Normally, I'd just create an API and be done with it. However, this data is in fact mildly confidential - which is to say that we don't want our competitors to be able to look up all our products every morning and then automatically set their prices to undercut us. And we also want to be able to look at who might be abusing the system, so if someone's making ten million complex calls to our API a day and bogging down our server, we can cut them off.
My next logical step would be then to create a developers' key to restrict access - which would work fine for web apps, but not so much for any AJAX calls. (As I see it, they'd need to provide the key in the JavaScript, which is in plaintext and easily seen, and hence there's actually no security at all. Particularly if we'd be using our own developers' keys on our site to make these AJAX calls.)

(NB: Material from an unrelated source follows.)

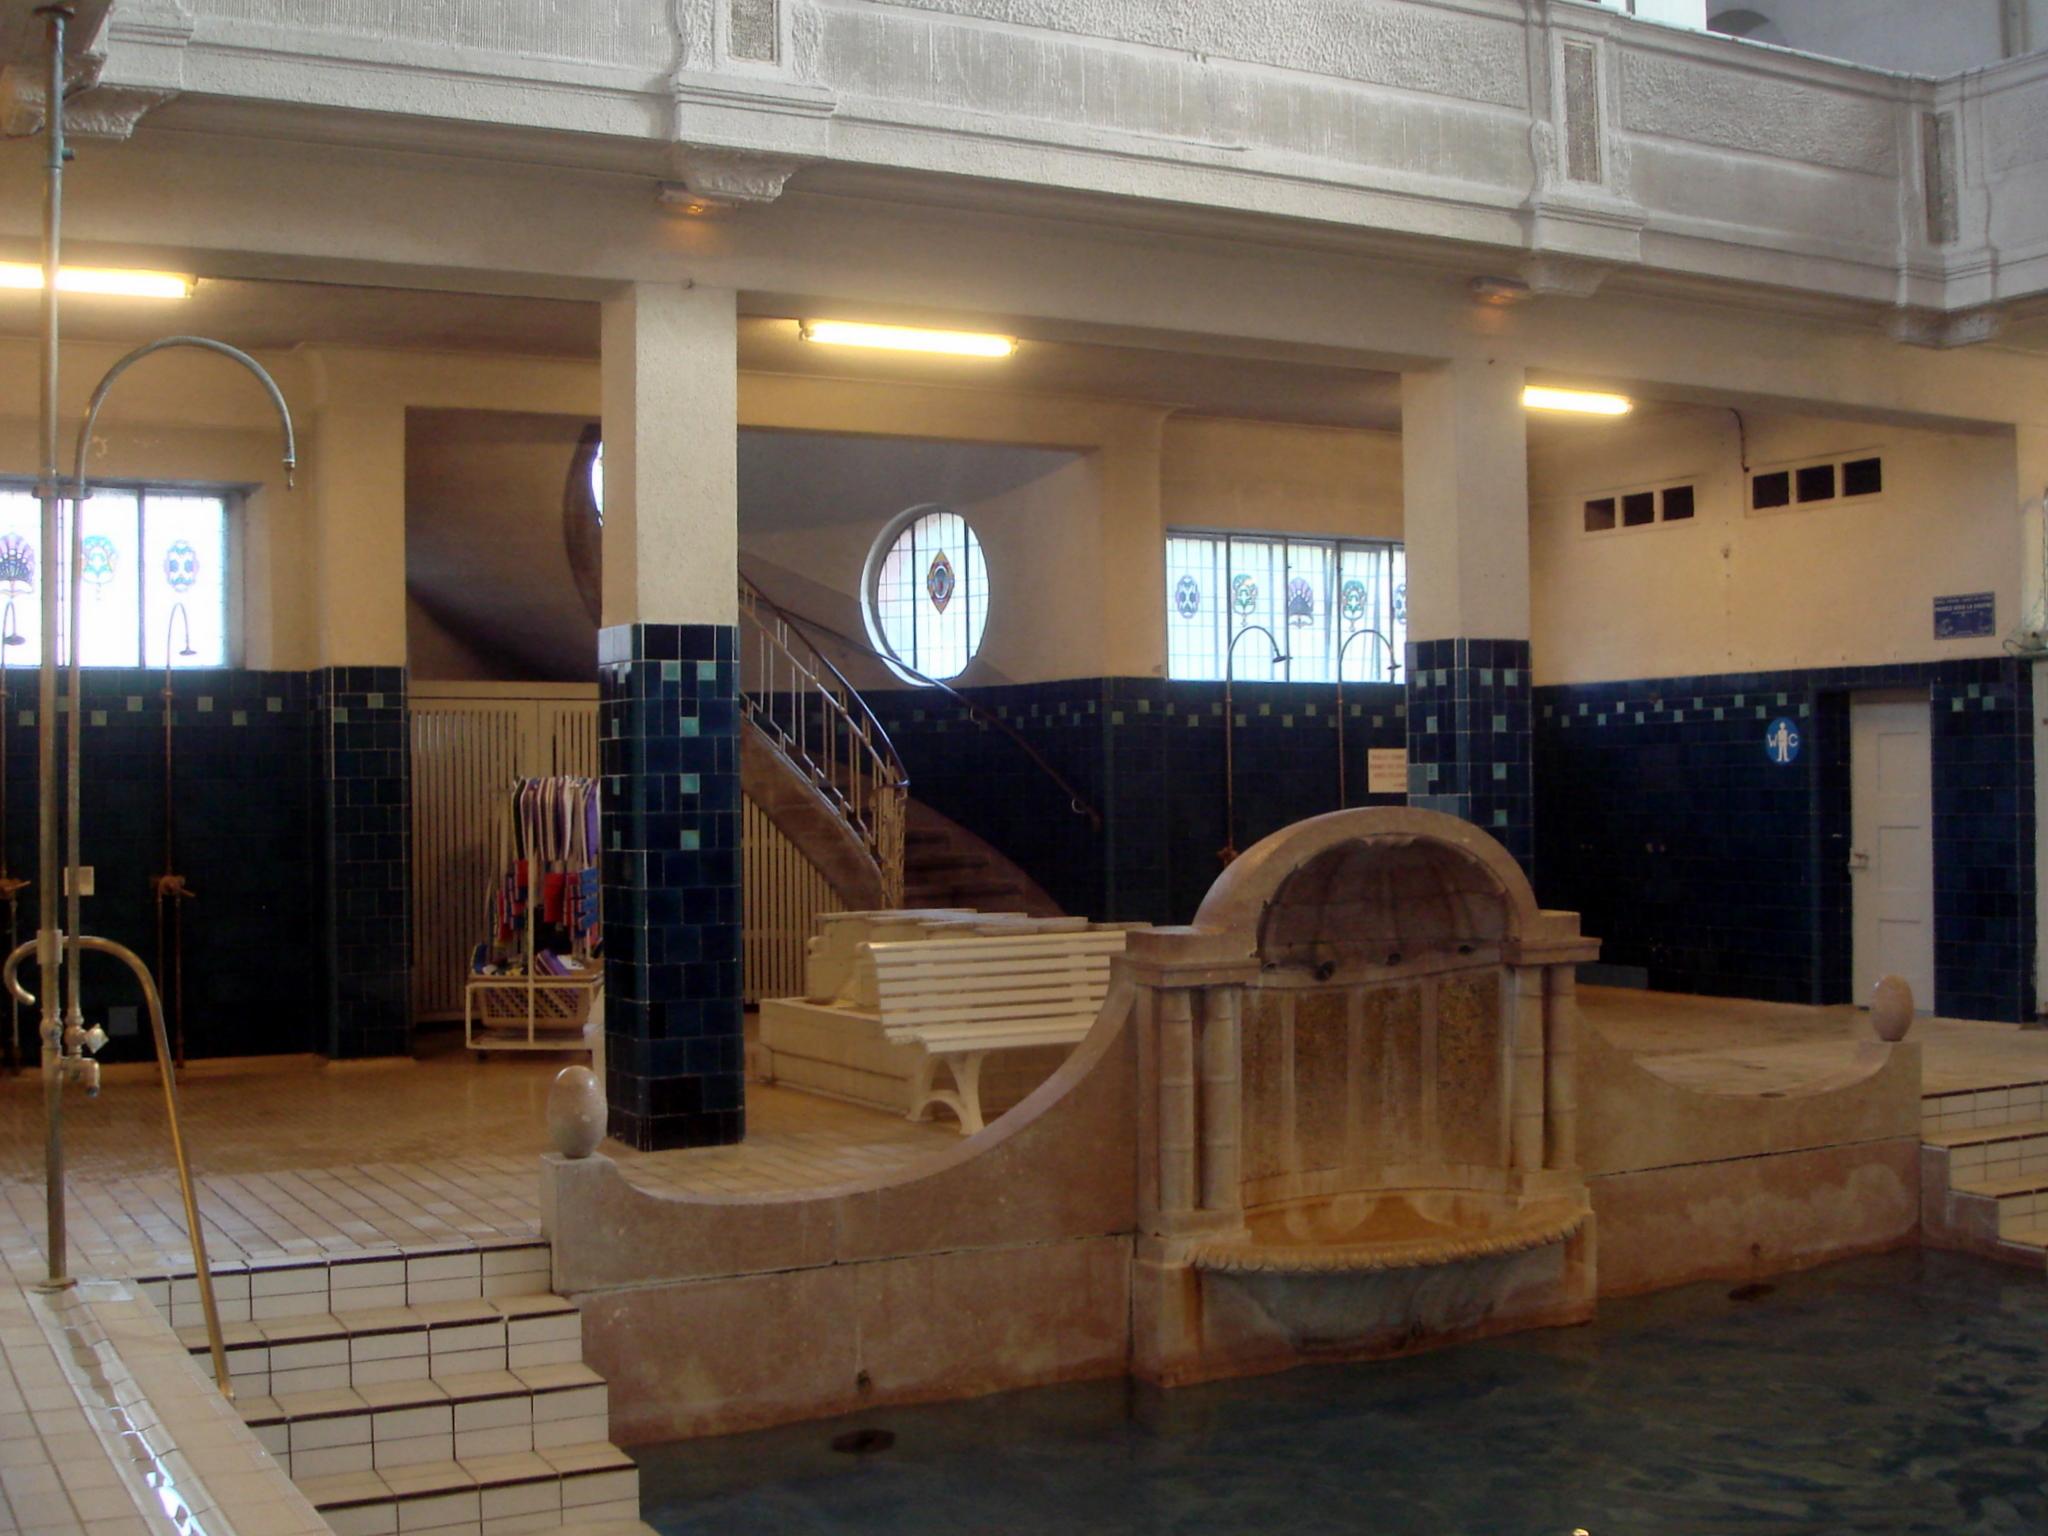 Rencontre Sexe Strasbourg (67000), Trouves Ton Plan Cul Sur Gare Aux Coquines

So my question: after looking around at Oauth and OpenID for some time, I'm not sure there is a solution that would handle all three of the above. Is there some sort of canonical "best practices" for developers' keys, or can Oauth and OpenID handle AJAX calls easily in some fashion I have yet to grok, or am I missing something entirely?
I think that 2-legged OAuth is what you want to satisfy #2 and #3. For #1 I would suggest that instead of the customer making JS requests directly against your application, they could instead proxy those requests through their own web application.
A midway solution is to require an API key; and then demand that whomsoever uses it doesn't actually use it directly with the AJAX; but wrap their calls in a server-side request, e.g.:
AJAX -> customer server -> your server -> customer server -> user
Creating a simple PHP API for interested parties shouldn't be too tricky, and your own iPhone applications would obviously cut out the middle man, shipping with their own API key.
OAuth and OpenID are unlikely to have much to do with the AJAX calls directly. Most likely, you'll have some sort of authorization filter in front of your AJAX handler that checks a cookie, and maybe that cookie is set as a result of an OpenID authentication.
It seems like this is coming down to a question of "how do I prevent screen scraping." If only logged-in customers get to see the prices, that's one thing, but assuming you're like most retail sites and your barrier to customer sign-up is as low as possible, that doesn't really help.
And, hey, if your prices aren't available, you don't get to show up in search engines like Froogle or Nextag or PriceGrabber. But that's more of a business strategy decision, not a programming one.